Abstract

Heart failure (HF) in diabetes is an emerging topic both in epidemiological and in clinical and basic research. Over the last 12 months, Diabetes and Vascular Disease Research already published two editorials on ‘heart failure and diabetes’1,2 and continuing this theme in the present issue highlights the need for action.
The term ‘diabetic cardiomyopathy’ was brought up in 1972 by Rubler et al. 3 defining a ‘myocardial dysfunction in patients with diabetes in the absence of coronary artery disease hypertrophy of valvular disease’. Over the last four decades, dozens of publications have presented data on this topic and discussed a direct role of diabetes in myocardial changes unrelated to associated risk factors and other cardiac diseases; still, as of yet it is a matter of debate whether diabetic cardiomyopathy exists as a separate disease entity. Despite these debates and discussions, the clinical presentation of HF in diabetes with its prognostic implications has been underestimated by both diabetologists and cardiologists. Only over the last 15 years, it became evident that HF incidence and prevalence is high in patients with ‘pre-diabetes’ and diabetes. Data from various large epidemiological studies suggest that diabetes is associated with an increased risk for incident HF with a rate of 20–35 per 1000 patient-years reflecting a 10%–12% incidence over 3 years.4,5 In addition, a very elegant study published by Shah et al. 6 last year suggests that in subjects with type 2 diabetes, HF is the second frequent reason for initial clinical presentation for cardiovascular disease. Interestingly, the presentation with HF is more frequent than stable angina or non-fatal myocardial infarction. Of note, the most frequent reason is peripheral artery disease.

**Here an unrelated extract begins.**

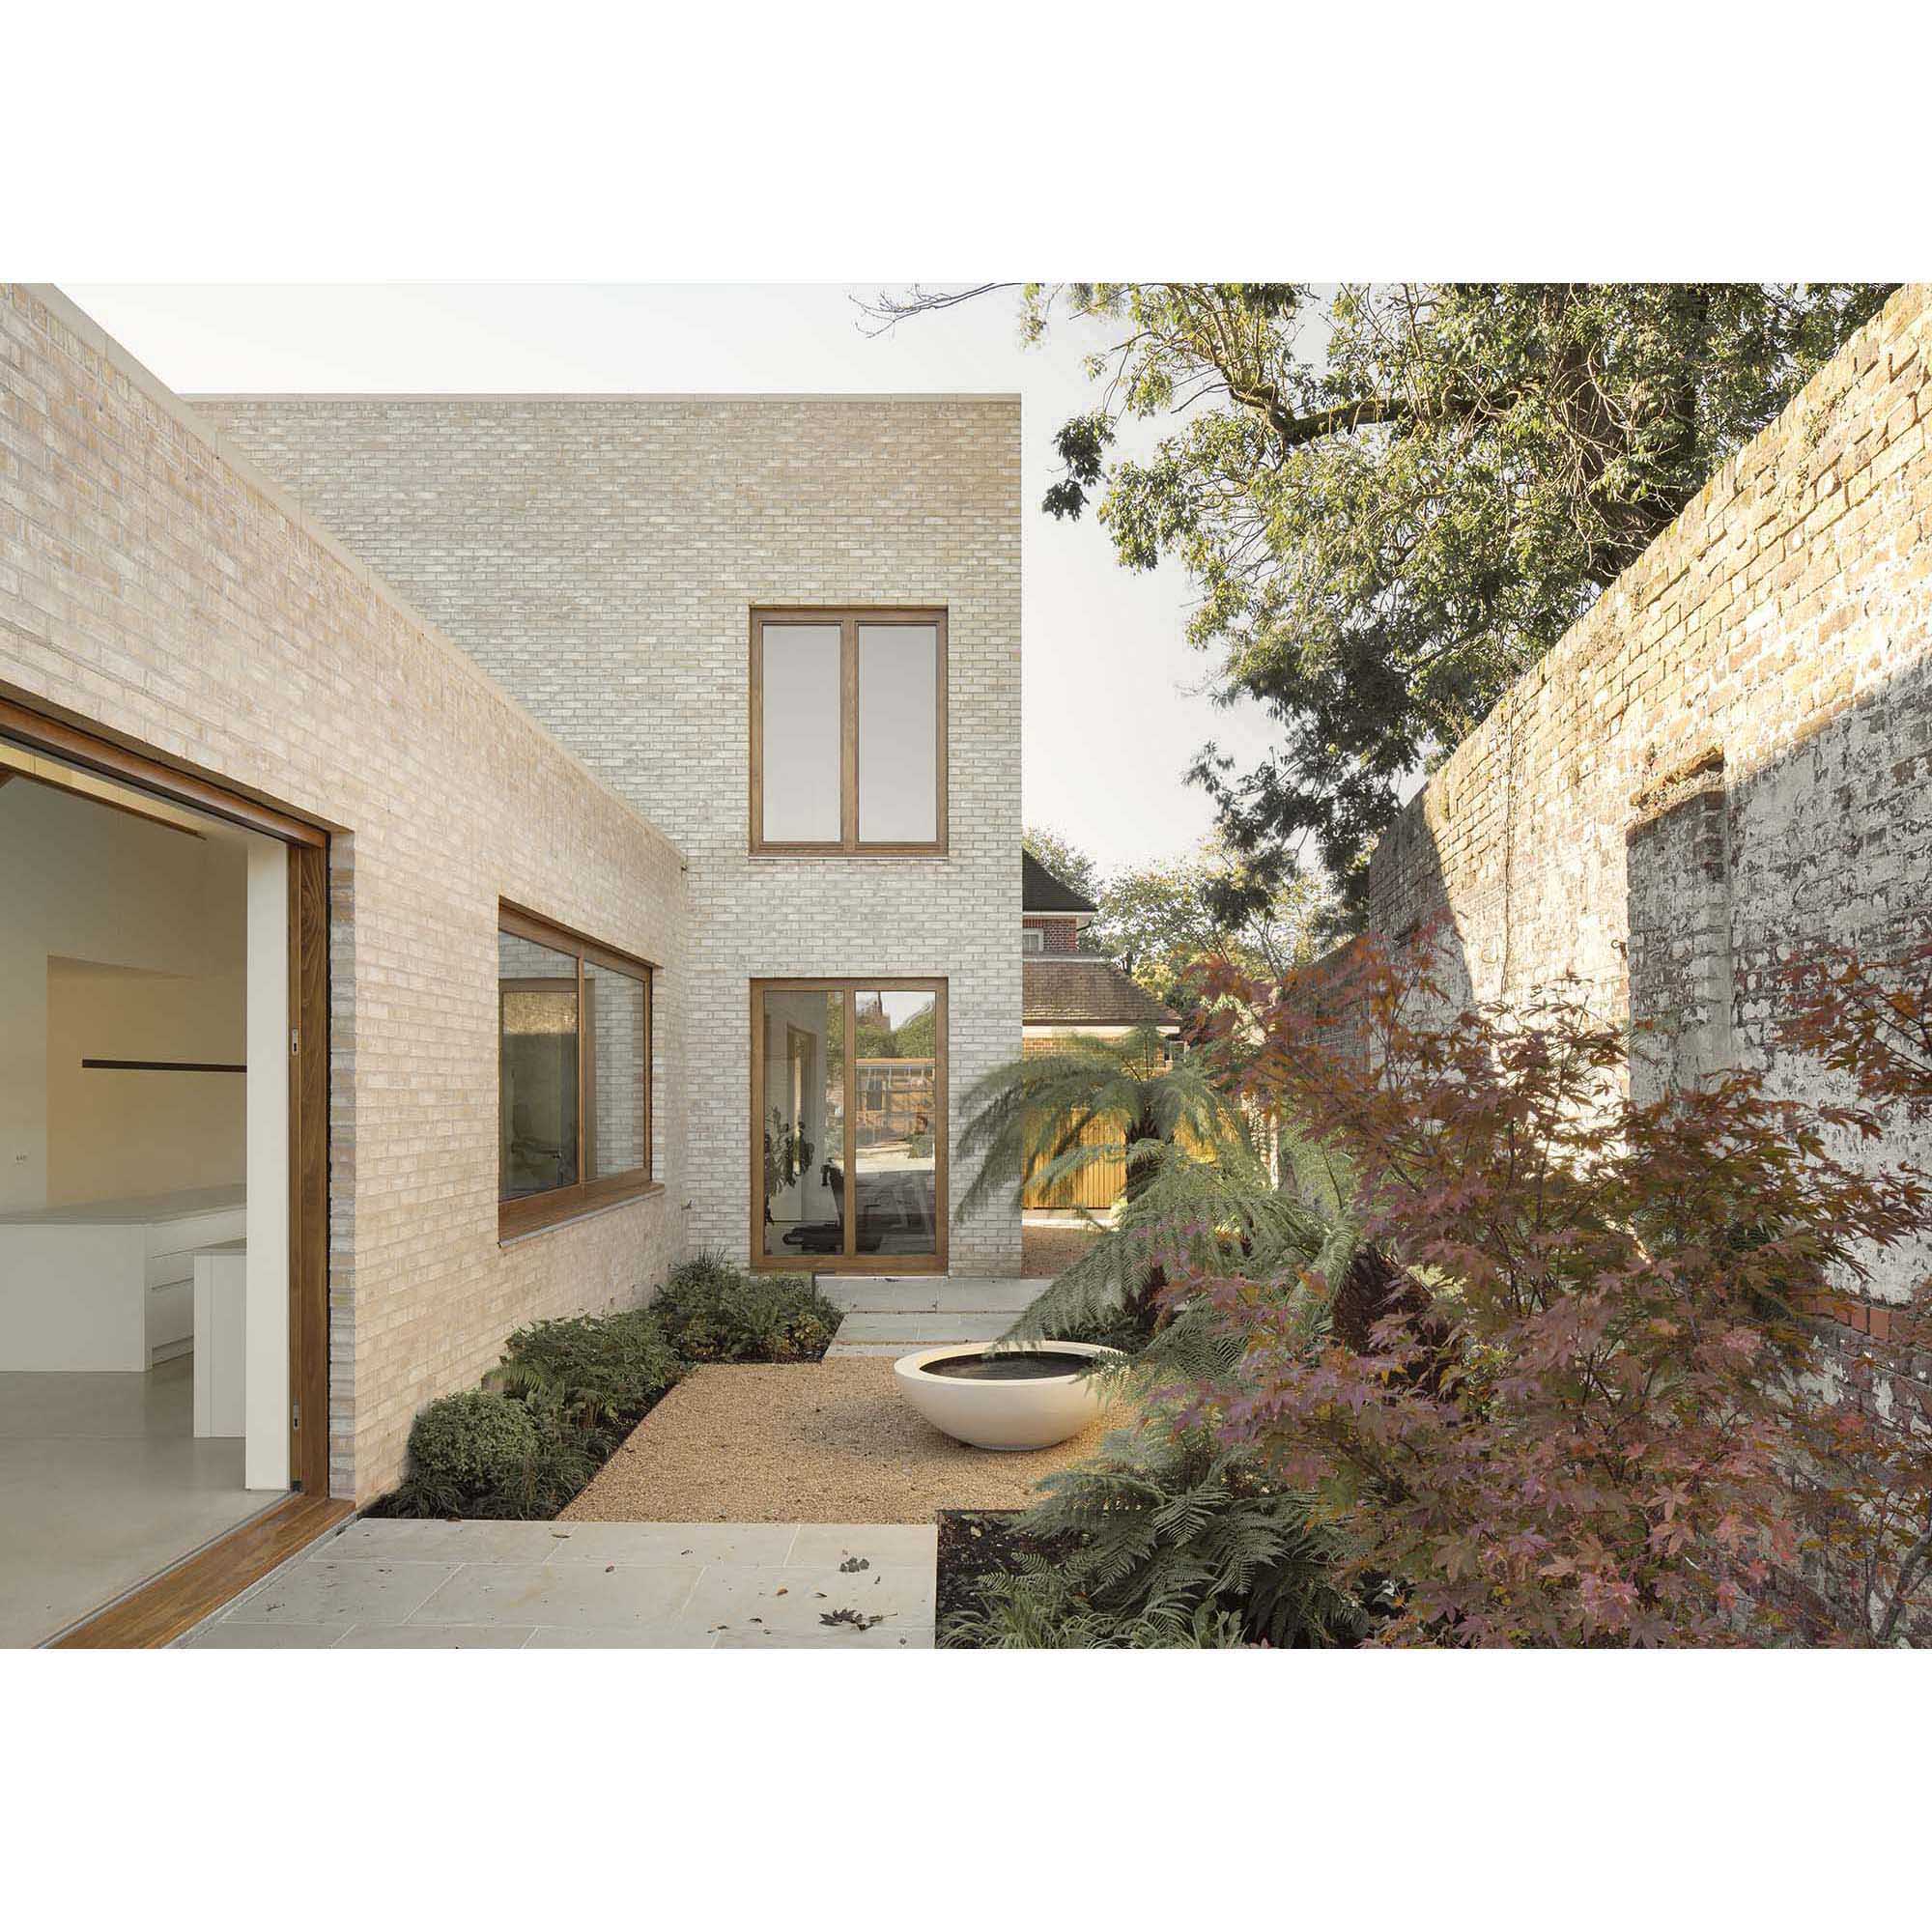 Erbar Mattes Architects Wimbledon custom new build timber frame house garden side view

Once HF is present diabetes, these patients exhibit a higher mortality compared to HF patients without diabetes and up to 50% of all patients with diabetes hospitalized for congestive HF die within 3 years. 7 Apart from this, the risk of hospitalization for HF in patients with diabetes is by far higher than in subjects without diabetes – a finding that became evident in various large HF trials published over the last decades (e.g. SAVE, VALIANT, CHARM). 8
The recognition of the prognostic impact of HF in diabetes was paralleled by a better understanding of the different HF phenotypes dichotomizing patients in those with reduced (HFrEF) and preserved ejection fraction (HFpEF). No matter whether patients with diabetes suffer from HFrEF or HFpEF, their prognosis is worse than in HF patients without diabetes. Despite these striking data on HF in diabetes, HF itself has not been included as a primary endpoint in the recent large cardiovascular outcome trials in diabetes. Only the recently published EMPA-REG OUTCOME (Empagliflozin, Cardiovascular Outcomes, and Mortality in Type 2 Diabetes) trial with its surprising finding of a very rapid and highly significant reduction in hospitalization of HF by empagliflozin versus placebo 9 has shifted our attention away from the classical atherosclerotic endpoints myocardial infarction and stroke towards the clinically similarly meaningful endpoints of hospitalization for HF and HF death. The implementation of platelet inhibition, angiotensin-converting enzyme (ACE) inhibitors and statins in patients with diabetes has led to a robust reduction of coronary endpoints like myocardial infarction and hospitalization for unstable angina over the last decades, but we have been less successful in the improvement of HF endpoints in diabetes especially in HFpEF. This may be due to the fact that we need a better phenotyping of our HF patients to improve the taxonomy of HF in diabetes. Thus, we have to employ bio-informatics, cluster analyses and modern big-data approaches to better characterize HF patients with diabetes with the aim to develop more individualized and tailored therapies.
Given the increasing prevalence of diabetes and HF and the bad prognosis of HF patients with diabetes, we need a better understanding of the pathophysiology of HF in these patients, a more sophisticated phenotyping employing modern technology and – based on this – the development of tailored strategies to address this emerging problem in our patients.